### Work to complete
Transcribe the listing in full, word for word; pictures do not belong in the copy.

### Data block
####################
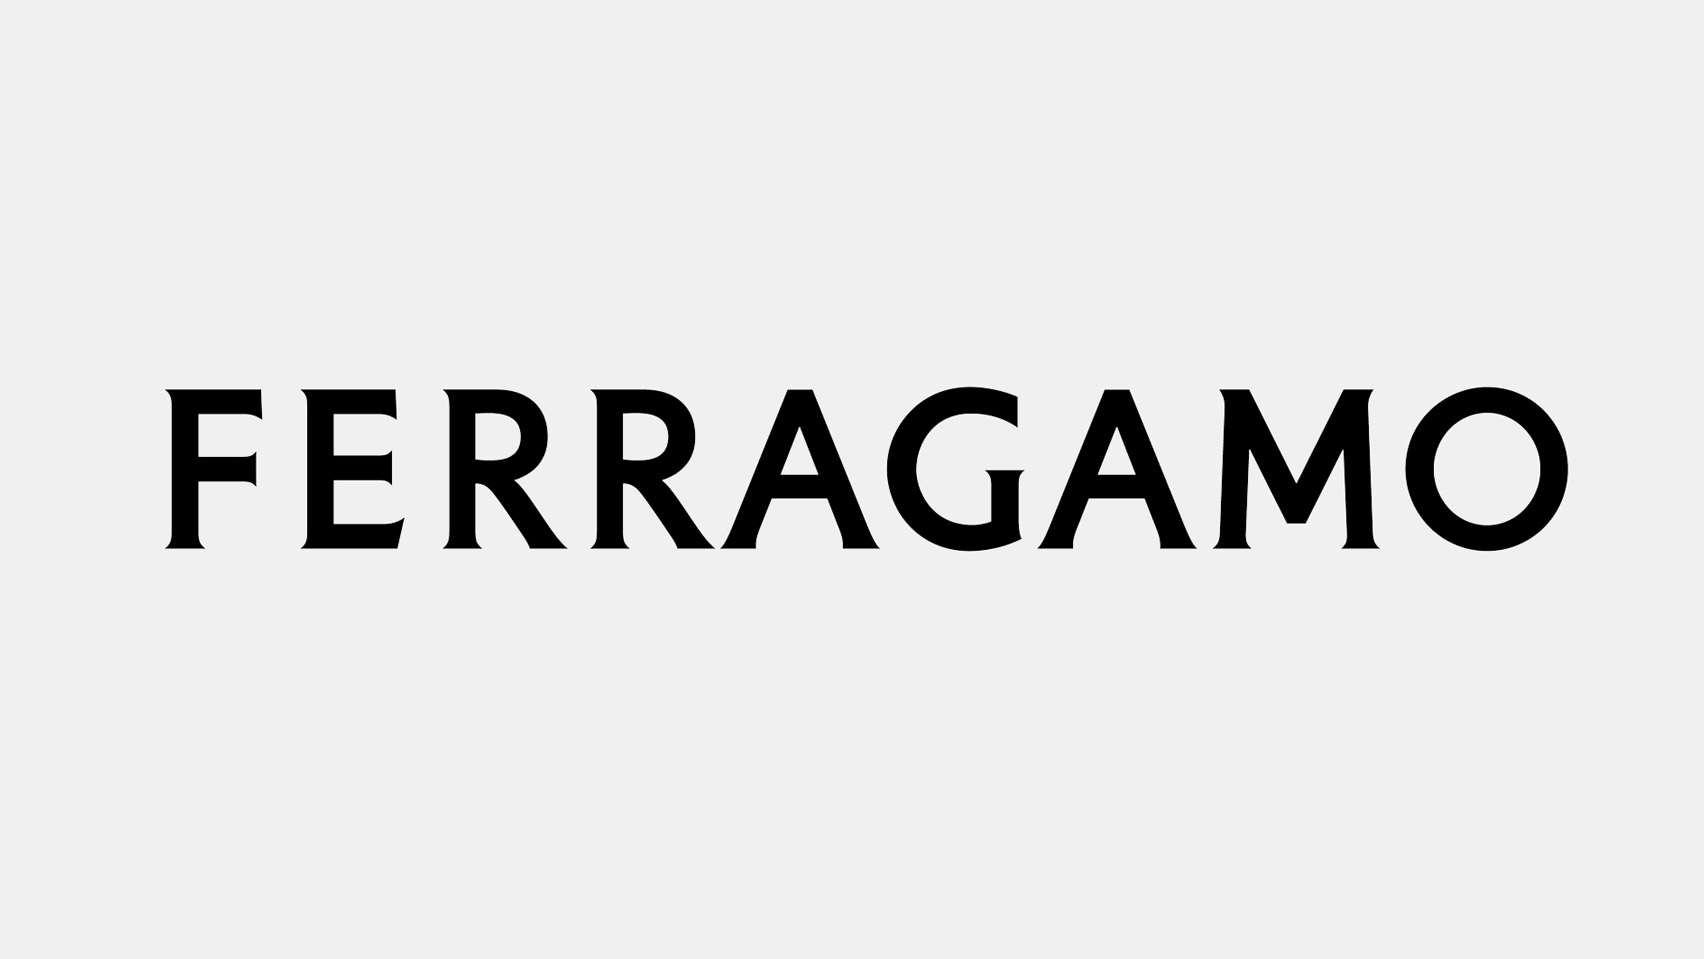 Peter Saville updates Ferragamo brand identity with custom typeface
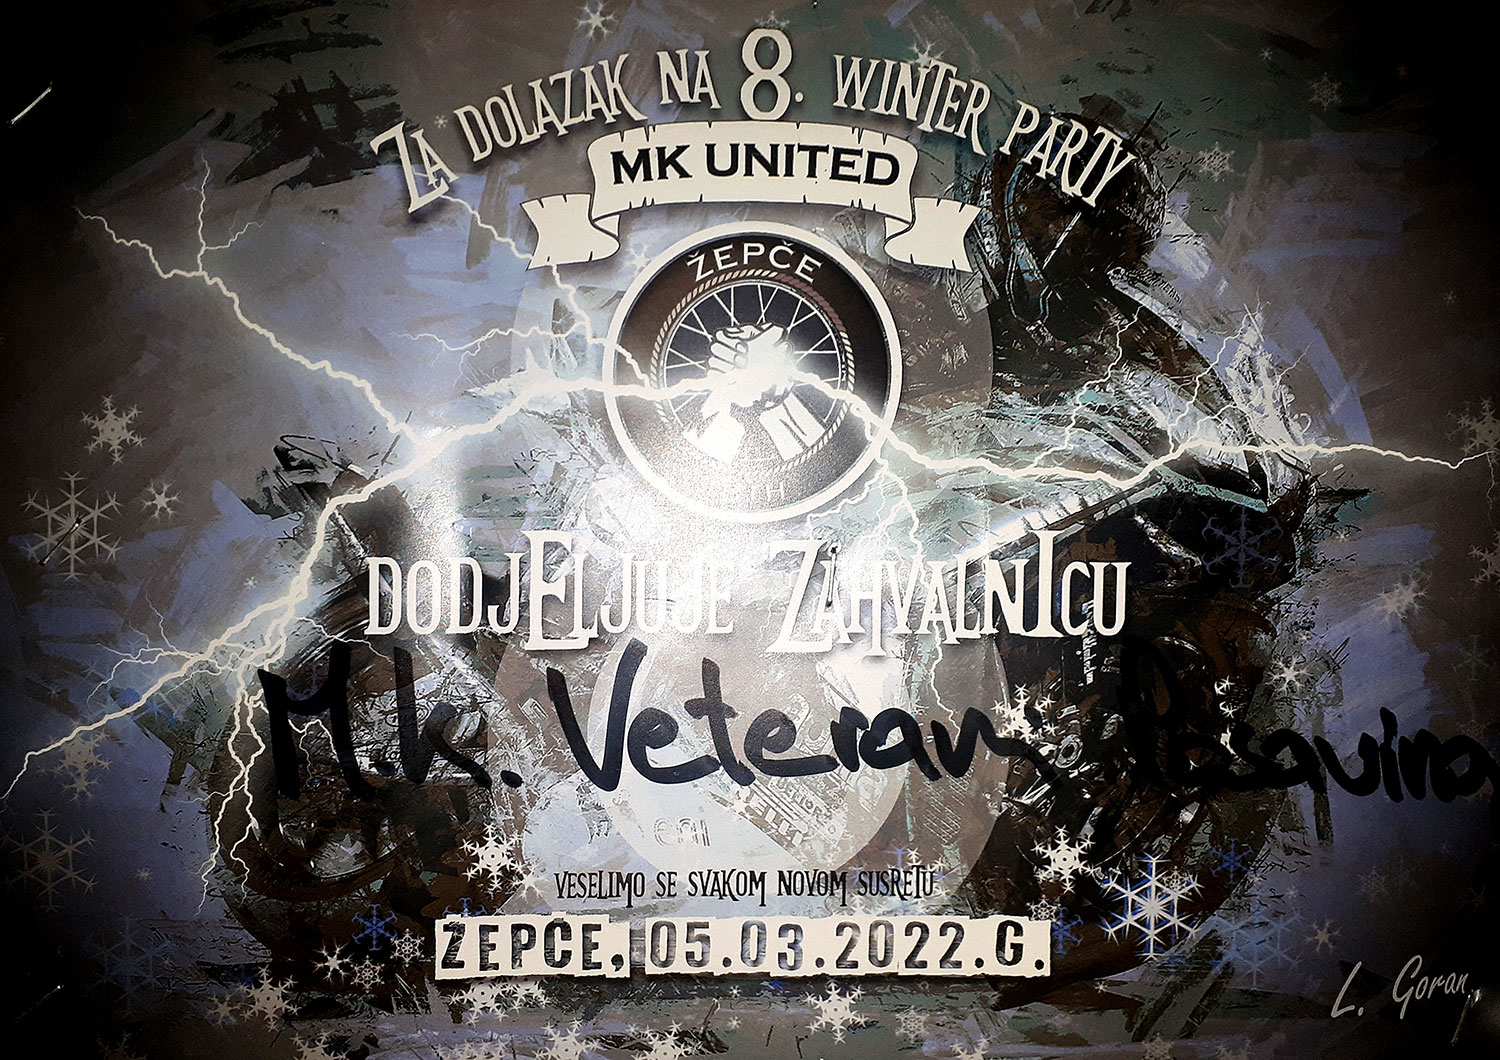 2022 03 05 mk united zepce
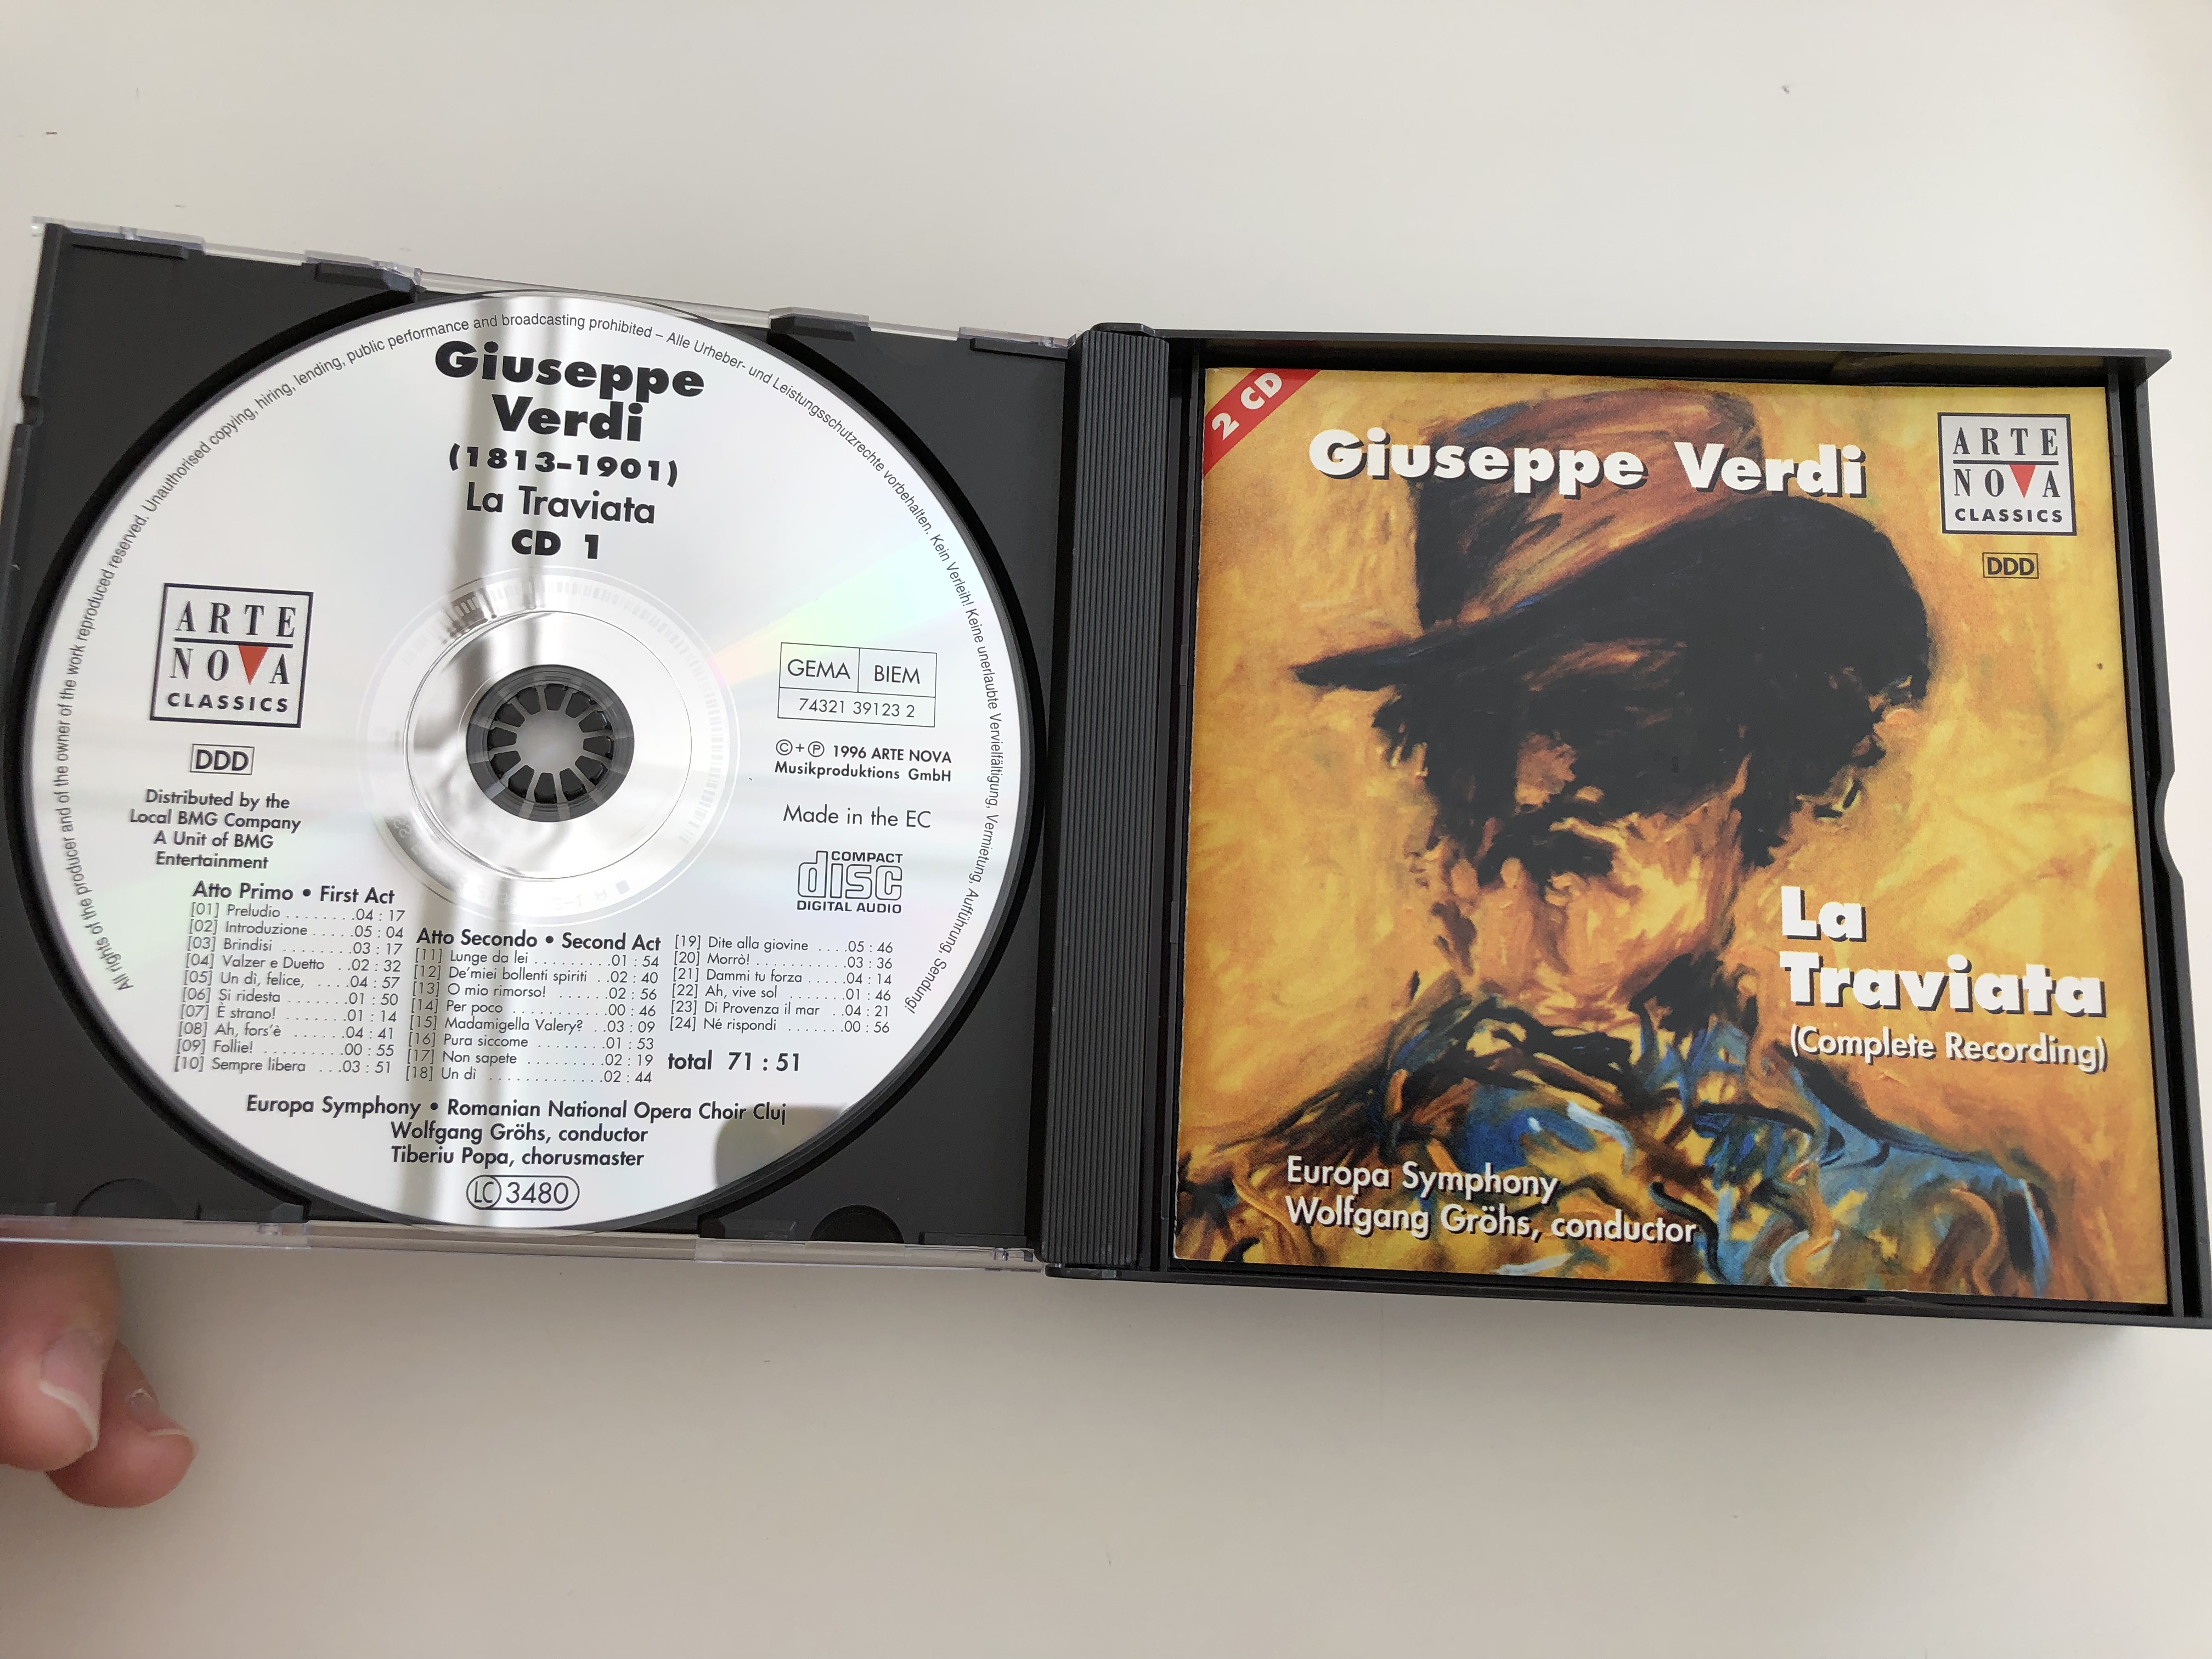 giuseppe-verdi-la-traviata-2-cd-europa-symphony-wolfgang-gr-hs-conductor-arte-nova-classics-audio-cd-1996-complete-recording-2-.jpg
####################
### Response to the exercise
 Peter Saville updates Ferragamo brand identity with custom typeface
 2022 03 05 mk united zepce
 giuseppe-verdi-la-traviata-2-cd-europa-symphony-wolfgang-gr-hs-conductor-arte-nova-classics-audio-cd-1996-complete-recording-2-.jpg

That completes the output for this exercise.